I was taught, by the capitalist creators of Barbie and her Dream House, by multiple episodes of Friends and every other TV show ever, as well as by my own idealistic ambitions, that my 20s would be the prime of my life. That my 20s would mean living in the Big City in an apartment with exposed brick and a dishwasher, sipping on trendy cocktails in a trendy cocktail dress at a trendy bar, and altogether living my life like the flamenco dancer emoji (I imagine her to live a very full life).

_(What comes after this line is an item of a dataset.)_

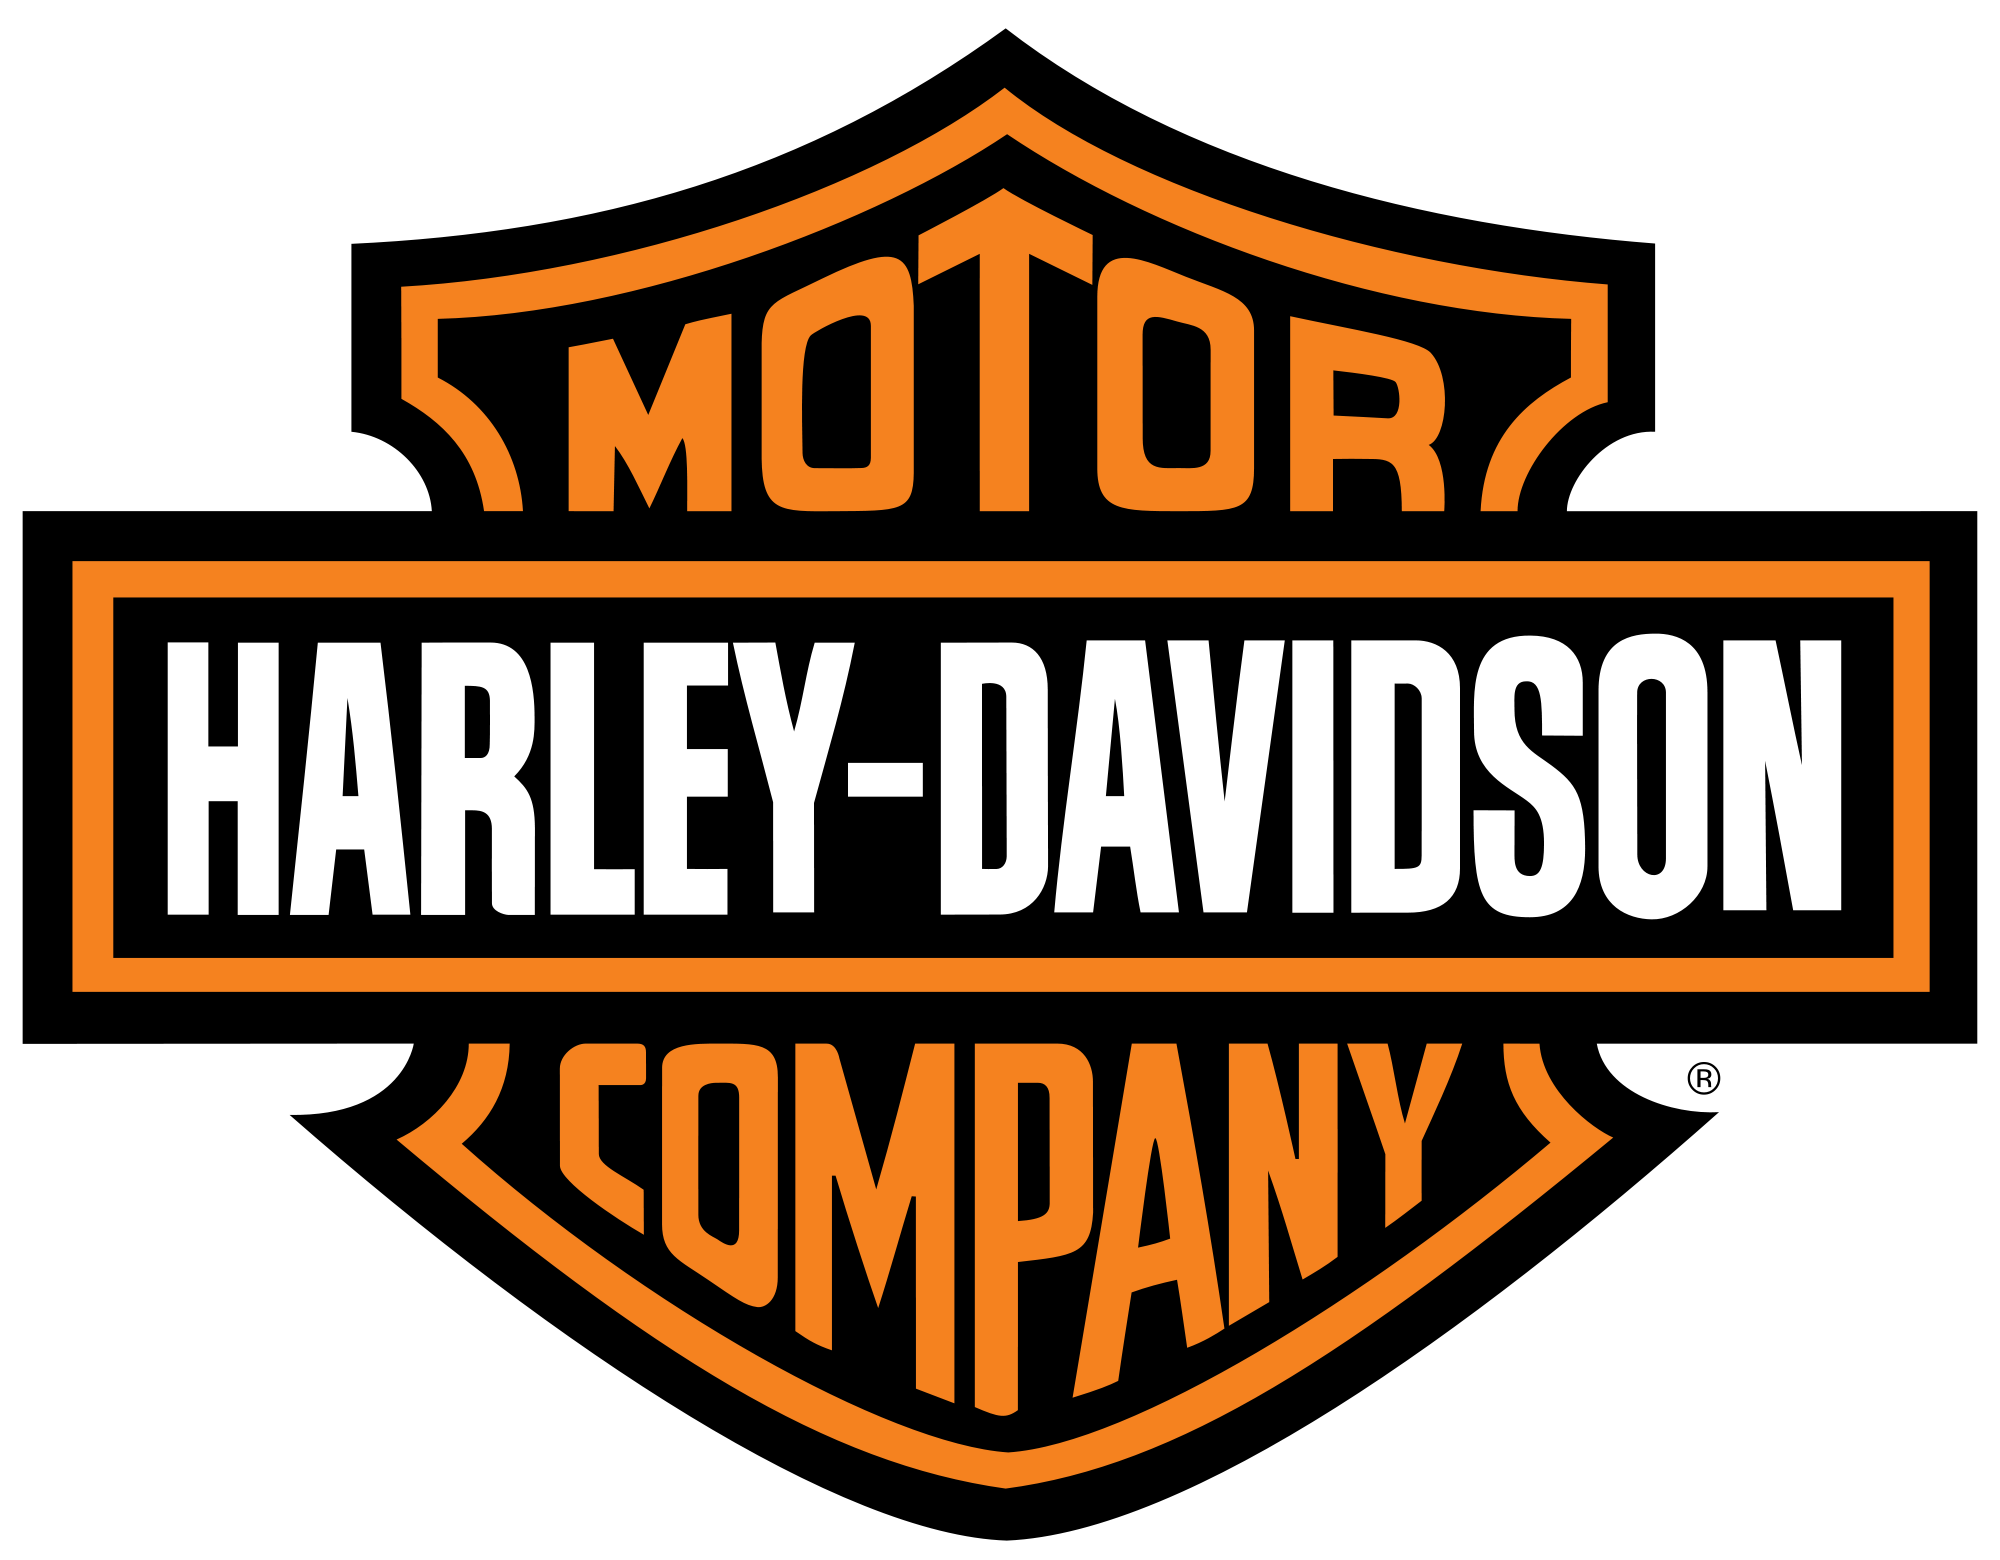 Harley Davidson Logo PNG Image

This dream of my 20s, the one built up by years of wealthy-friend-group sitcom reruns and limitless daydreaming, was a lie. Okay, maybe my 20s will turn out okay; I'm only like, three years in. But right now, everyone I know is pretty lonely, hella broke, trying to "figure it all out" and worst of all, constantly inundated with useless information about how other twenty-somethings are wasting their precious youth. It's not quite what I bargained for, I guess. Adults that have surpassed their 20s speak of us with slightly jealous disdain, and tell us we damn well better appreciate our still high-functioning metabolisms, lack of creases around our eyes, and our bright futures, our lives still so full of opportunity. We have our whole lives ahead of us! The youth is wasted on the young! I get it, I low-key hate sixteen year olds for the same reason. But it's not the wrinkle-free, worry-free dreamland we were promised. The idea that we are capable and still young and hungry enough to do anything we want is paralyzing and terrifying, enough to ignite weekly quarter-life existential crises. On the one hand, I could find my passion in these crazy and creative years, and spend the rest of my life making the world a better place by living out my dreams. On the other hand, life is pretty much a meaningless series of unrelated events, and we're all going to die one day anyway, and a hundred years from now it won't matter that I dated my cover letter wrong, so I'm going to go eat a whole bag of cheddar rice crisps and watch 30 Rock until I fall asleep.

All I wanted, my entire young life, was to grow up already. Only in my senior year of college did I start grasping at time, watching helplessly as the seconds ticked away and the lie of the carefree postgrad early-20s life began to fall away. All of us felt the pressure from the Real World start seeping in through the cracks of the Spanish-style architecture; heard the horror stories from those beyond graduation about the very real depression, lack of political correctness and weight gain that awaited us. We felt time thinning out, knowing that our days of dorm-room dance parties and Friday afternoon hikes and bottomless tater tots, and someone in the next room to ask if those weird little bumps were razor burn or herpes, were coming to an end. What could we do to slow the time and numb the pain but to listen to the Head and the Heart on repeat and drink too much wine on a beach? We waited to be miserable while we hoped that we would be the lucky ones to escape the misery. Sure, most of us have jobs or grad school. And we all have friends and books and movies and hobbies and sometimes sex. And yet we sit in a miserable discomfort, like a tooth that just starts to come loose, or one of those bandaid dresses that’s a size too small. We have transitioned into a new phase that doesn’t feel quite right in our bodies or our hearts yet. No one is in the apartment they want to live in for the rest of their life; no one is at the job they’re ready to call their career. We watch each other with curiosity and jealousy and careful judgment—not always ill-intended, but always put in context to tell us how to feel our own lives. How did she get that job? How does he afford that place? Why didn't I major in Econ?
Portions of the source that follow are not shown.